Collected data entries
== == ==

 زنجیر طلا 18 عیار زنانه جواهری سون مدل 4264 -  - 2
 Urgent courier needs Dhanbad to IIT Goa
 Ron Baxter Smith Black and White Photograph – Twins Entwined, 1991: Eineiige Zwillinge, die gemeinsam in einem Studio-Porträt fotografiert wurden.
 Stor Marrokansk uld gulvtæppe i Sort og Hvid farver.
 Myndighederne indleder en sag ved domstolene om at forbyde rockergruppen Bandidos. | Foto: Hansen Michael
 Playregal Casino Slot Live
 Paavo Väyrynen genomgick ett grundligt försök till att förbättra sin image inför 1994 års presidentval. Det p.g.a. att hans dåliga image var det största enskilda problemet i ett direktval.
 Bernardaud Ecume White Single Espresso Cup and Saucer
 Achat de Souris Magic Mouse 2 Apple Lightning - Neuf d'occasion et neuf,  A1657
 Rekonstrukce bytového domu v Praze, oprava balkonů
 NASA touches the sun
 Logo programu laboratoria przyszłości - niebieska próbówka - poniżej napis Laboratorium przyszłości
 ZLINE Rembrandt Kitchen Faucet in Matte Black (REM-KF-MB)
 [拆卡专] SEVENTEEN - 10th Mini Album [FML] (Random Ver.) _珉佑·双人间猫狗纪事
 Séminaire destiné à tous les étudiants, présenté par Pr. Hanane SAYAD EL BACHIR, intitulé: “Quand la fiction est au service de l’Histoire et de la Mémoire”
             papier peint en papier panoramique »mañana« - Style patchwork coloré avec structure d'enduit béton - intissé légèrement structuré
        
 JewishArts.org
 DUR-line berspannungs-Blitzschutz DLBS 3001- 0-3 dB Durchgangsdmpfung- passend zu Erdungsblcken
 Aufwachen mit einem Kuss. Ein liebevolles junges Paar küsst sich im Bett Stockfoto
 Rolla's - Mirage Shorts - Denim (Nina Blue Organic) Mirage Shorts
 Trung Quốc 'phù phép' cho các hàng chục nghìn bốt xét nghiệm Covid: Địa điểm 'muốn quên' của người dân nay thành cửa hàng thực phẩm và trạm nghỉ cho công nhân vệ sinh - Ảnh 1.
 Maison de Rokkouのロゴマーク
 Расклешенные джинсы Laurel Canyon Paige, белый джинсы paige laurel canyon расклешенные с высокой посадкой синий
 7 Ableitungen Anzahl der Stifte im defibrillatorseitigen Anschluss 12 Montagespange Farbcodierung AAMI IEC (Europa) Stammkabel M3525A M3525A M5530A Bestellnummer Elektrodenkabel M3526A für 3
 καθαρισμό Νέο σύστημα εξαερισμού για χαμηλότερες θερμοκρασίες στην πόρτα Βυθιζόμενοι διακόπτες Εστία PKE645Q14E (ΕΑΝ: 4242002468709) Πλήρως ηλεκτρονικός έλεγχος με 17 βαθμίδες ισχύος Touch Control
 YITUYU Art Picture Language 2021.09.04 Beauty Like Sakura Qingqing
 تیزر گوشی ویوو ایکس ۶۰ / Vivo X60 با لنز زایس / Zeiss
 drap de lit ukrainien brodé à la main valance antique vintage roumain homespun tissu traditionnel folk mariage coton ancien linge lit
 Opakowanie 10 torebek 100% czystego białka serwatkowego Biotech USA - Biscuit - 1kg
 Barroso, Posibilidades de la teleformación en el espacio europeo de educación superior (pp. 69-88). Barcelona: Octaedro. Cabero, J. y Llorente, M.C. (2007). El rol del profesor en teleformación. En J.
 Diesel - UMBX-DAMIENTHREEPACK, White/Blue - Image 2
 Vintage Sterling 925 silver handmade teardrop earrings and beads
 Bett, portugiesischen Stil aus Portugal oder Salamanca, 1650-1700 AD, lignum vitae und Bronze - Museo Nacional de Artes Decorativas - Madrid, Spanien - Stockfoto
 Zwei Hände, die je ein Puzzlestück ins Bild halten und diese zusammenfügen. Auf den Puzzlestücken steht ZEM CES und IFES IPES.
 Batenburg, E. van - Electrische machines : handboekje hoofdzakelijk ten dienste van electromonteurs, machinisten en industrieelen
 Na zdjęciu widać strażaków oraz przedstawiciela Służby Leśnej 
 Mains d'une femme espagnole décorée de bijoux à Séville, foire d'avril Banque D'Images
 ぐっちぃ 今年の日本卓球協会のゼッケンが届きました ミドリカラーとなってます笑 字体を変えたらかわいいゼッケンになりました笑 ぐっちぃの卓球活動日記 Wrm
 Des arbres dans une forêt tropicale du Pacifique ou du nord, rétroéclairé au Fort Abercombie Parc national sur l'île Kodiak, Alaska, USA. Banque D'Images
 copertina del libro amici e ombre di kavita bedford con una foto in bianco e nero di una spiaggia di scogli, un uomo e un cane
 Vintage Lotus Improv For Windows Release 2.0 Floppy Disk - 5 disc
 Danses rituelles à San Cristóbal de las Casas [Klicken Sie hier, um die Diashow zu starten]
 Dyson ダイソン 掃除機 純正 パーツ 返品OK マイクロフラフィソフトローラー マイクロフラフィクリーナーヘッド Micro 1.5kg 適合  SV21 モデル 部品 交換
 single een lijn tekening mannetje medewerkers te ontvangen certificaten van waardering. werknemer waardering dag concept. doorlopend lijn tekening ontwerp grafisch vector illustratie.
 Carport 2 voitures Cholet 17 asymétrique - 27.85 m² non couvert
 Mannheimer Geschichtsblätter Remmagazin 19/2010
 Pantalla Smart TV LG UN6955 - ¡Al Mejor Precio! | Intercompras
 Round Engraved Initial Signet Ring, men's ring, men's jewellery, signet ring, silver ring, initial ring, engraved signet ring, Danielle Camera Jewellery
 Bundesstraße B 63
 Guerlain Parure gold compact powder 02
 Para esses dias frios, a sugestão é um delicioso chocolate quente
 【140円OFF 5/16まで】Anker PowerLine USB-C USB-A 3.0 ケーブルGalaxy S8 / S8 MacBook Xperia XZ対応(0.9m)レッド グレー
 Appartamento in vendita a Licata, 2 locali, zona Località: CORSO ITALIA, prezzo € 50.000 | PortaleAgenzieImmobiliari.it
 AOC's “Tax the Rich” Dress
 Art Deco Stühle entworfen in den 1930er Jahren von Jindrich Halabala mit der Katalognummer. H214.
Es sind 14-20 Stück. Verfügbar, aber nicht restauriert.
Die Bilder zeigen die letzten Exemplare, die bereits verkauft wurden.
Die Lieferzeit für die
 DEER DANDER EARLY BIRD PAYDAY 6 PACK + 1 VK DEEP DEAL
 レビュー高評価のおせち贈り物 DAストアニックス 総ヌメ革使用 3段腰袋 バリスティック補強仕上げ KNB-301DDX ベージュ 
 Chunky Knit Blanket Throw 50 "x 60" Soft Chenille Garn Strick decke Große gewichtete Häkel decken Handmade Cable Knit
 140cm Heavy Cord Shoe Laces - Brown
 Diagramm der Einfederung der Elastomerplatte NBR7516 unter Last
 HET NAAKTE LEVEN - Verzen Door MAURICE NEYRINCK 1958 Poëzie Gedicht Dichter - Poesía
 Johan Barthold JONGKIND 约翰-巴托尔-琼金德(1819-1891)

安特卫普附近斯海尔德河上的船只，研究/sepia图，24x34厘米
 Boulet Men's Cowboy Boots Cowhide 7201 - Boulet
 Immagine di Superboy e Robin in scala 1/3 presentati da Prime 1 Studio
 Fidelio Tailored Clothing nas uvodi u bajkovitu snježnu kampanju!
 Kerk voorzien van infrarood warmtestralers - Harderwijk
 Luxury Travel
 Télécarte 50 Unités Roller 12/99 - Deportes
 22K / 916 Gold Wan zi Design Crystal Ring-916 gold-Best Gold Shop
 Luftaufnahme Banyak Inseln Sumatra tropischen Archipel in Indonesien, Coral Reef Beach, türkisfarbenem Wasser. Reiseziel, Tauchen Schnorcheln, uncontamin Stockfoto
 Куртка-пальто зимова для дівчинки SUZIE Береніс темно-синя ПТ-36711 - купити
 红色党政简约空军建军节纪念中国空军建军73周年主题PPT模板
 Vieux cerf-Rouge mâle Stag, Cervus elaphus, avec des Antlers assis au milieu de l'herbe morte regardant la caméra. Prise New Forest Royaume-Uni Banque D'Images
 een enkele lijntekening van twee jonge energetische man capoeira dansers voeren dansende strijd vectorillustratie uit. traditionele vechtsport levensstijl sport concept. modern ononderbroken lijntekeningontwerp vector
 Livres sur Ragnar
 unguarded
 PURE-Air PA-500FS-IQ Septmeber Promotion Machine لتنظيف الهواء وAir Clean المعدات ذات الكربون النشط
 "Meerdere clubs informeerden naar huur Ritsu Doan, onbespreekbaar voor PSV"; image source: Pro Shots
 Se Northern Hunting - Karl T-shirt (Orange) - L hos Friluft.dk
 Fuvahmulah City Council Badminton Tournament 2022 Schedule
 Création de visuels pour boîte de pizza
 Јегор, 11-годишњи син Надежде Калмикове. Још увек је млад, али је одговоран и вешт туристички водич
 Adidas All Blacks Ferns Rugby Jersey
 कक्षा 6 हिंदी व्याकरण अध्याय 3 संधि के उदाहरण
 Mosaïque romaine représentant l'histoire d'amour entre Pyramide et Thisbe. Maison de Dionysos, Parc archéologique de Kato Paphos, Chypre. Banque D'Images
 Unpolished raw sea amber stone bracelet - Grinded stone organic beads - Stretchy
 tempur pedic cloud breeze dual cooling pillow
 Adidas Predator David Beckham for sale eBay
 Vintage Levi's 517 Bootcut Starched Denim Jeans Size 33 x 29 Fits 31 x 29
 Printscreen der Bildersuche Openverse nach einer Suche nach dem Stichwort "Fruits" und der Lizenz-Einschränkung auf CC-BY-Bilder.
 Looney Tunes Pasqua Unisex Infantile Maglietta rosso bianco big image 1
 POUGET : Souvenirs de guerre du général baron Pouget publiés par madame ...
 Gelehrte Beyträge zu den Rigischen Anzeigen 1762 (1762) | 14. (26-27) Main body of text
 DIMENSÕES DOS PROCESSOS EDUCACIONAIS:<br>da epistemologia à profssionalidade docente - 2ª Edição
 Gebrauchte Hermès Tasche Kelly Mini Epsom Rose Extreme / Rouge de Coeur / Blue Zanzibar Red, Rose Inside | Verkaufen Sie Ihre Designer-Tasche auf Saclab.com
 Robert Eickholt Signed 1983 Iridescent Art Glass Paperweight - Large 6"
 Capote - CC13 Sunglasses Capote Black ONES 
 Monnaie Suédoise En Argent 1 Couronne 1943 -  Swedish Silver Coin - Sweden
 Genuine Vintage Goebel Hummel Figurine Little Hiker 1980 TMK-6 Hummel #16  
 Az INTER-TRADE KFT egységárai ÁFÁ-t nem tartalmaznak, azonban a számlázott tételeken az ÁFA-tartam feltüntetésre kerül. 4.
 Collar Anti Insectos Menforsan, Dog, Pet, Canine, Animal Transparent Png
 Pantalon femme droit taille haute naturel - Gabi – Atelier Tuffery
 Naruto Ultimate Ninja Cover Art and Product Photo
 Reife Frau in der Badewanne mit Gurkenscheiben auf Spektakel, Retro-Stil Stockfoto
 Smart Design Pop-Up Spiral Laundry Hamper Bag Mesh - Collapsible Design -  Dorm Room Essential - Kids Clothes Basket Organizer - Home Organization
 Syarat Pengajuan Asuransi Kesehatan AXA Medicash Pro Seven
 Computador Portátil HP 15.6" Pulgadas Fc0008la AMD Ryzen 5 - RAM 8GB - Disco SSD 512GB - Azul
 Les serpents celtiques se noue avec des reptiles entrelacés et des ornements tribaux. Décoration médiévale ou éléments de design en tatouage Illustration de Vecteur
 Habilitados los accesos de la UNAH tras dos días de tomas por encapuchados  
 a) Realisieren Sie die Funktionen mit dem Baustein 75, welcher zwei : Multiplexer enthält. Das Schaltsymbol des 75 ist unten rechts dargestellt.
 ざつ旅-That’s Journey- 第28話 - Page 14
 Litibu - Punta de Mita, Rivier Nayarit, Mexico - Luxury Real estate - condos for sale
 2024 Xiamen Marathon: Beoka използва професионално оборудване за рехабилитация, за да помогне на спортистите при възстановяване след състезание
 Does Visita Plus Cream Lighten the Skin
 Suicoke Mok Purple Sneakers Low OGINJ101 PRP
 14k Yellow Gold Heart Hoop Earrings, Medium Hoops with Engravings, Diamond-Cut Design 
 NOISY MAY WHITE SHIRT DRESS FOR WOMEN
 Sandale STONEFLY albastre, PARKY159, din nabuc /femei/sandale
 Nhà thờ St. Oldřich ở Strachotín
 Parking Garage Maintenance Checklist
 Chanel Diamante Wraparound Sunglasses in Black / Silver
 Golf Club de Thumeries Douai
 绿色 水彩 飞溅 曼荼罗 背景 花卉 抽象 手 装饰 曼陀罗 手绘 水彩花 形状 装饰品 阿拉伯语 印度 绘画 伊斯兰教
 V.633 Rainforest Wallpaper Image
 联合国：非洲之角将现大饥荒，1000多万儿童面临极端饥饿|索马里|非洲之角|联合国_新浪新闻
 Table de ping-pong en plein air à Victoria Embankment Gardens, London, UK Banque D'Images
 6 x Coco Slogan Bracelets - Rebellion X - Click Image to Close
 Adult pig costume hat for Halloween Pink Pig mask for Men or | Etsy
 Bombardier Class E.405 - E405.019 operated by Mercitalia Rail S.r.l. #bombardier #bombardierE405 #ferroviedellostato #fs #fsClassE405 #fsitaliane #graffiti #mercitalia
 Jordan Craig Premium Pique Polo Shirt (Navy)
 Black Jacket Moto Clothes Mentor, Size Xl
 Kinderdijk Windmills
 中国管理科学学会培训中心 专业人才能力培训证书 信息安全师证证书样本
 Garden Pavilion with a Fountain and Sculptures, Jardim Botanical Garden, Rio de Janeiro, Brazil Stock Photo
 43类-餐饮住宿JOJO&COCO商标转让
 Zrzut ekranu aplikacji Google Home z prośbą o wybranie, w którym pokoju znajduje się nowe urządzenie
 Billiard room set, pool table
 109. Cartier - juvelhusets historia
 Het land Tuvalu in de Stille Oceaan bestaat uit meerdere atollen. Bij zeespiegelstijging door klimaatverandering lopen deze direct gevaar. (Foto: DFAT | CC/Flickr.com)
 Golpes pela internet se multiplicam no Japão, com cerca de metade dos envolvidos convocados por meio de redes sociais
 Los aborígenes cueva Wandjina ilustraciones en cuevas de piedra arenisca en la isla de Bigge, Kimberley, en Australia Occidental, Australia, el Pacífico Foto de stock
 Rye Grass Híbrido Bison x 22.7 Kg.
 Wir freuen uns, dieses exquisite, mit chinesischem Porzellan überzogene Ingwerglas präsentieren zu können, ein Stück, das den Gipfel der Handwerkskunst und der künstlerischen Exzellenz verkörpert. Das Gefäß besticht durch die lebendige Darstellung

== == ==

Work to be completed: Retype only the stretch of lines above starting at the one with "JewishArts.org" and stopping at the one with "Rolla's - Mirage", exactly as written, with both kept.

Solution for this exercise:
 JewishArts.org
 DUR-line berspannungs-Blitzschutz DLBS 3001- 0-3 dB Durchgangsdmpfung- passend zu Erdungsblcken
 Aufwachen mit einem Kuss. Ein liebevolles junges Paar küsst sich im Bett Stockfoto
 Rolla's - Mirage Shorts - Denim (Nina Blue Organic) Mirage Shorts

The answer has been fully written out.